Gigaflow Architecture
Gigaflow is built as a caching sub-system in the Open vSwitch.
Gigaflow cache in the Open vSwitch (OVS)
The input packet that misses the cache is sent to the userspace where its flow is extracted (header field set).
The flow passes through the vSwitch pipeline and its traversal is collected.
Then, the travesal mapper, based on disjointedness, captures pipeline-aware locality from this traversal and suggests suitable sub-traversals to be cached.
Finally, Longest Traversal Matching (LTM) cache entries are generated and installed into the Gigaflow table.
Pipeline-Aware Locality
The following figure shows an example of how pipeline-aware locality captures unseen traversals by caching shared sub-traversals. We smartly partition the traversal and determine suitable sub-traversals that have a high likelihood of being reused in the future by other flows.
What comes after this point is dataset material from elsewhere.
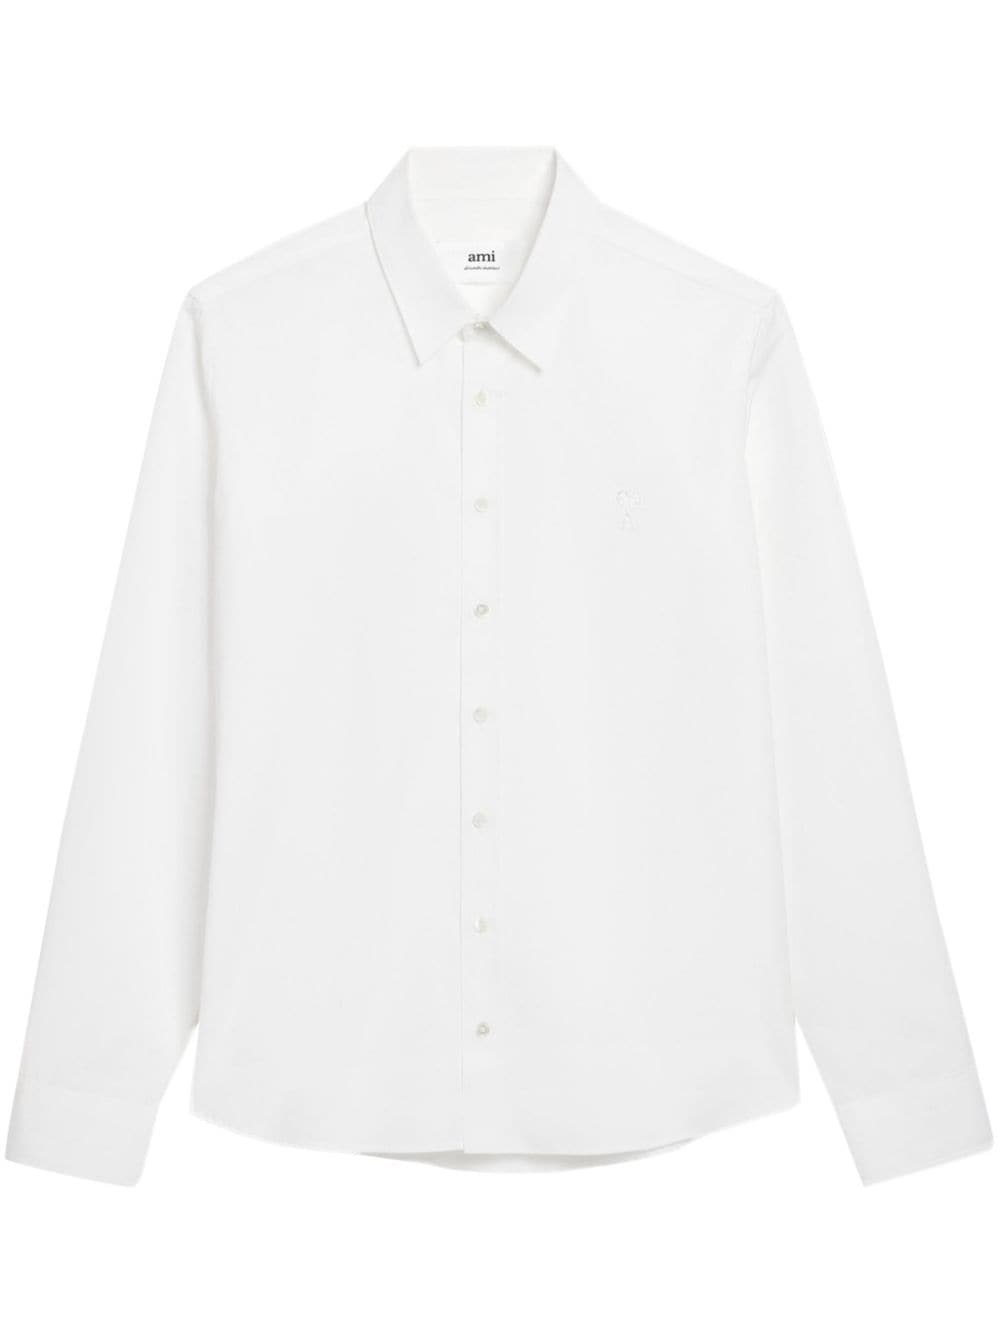 AMI Paris logo-embroidered cotton shirt - White von AMI Paris

An example of Gigaflow cache in action with three packets
Disjointedness Property
Capturing pipeline-Aware locality is expensive (see the paper) but we observe the following: disjoint sub-traversals maximize the cross-product rule space in Gigaflow tables. We implement a dynamic program to find disjoint sub-traversals in a given traversal and this algorithm processes the traversal of each cache miss without looking at how previous cache entries were generated.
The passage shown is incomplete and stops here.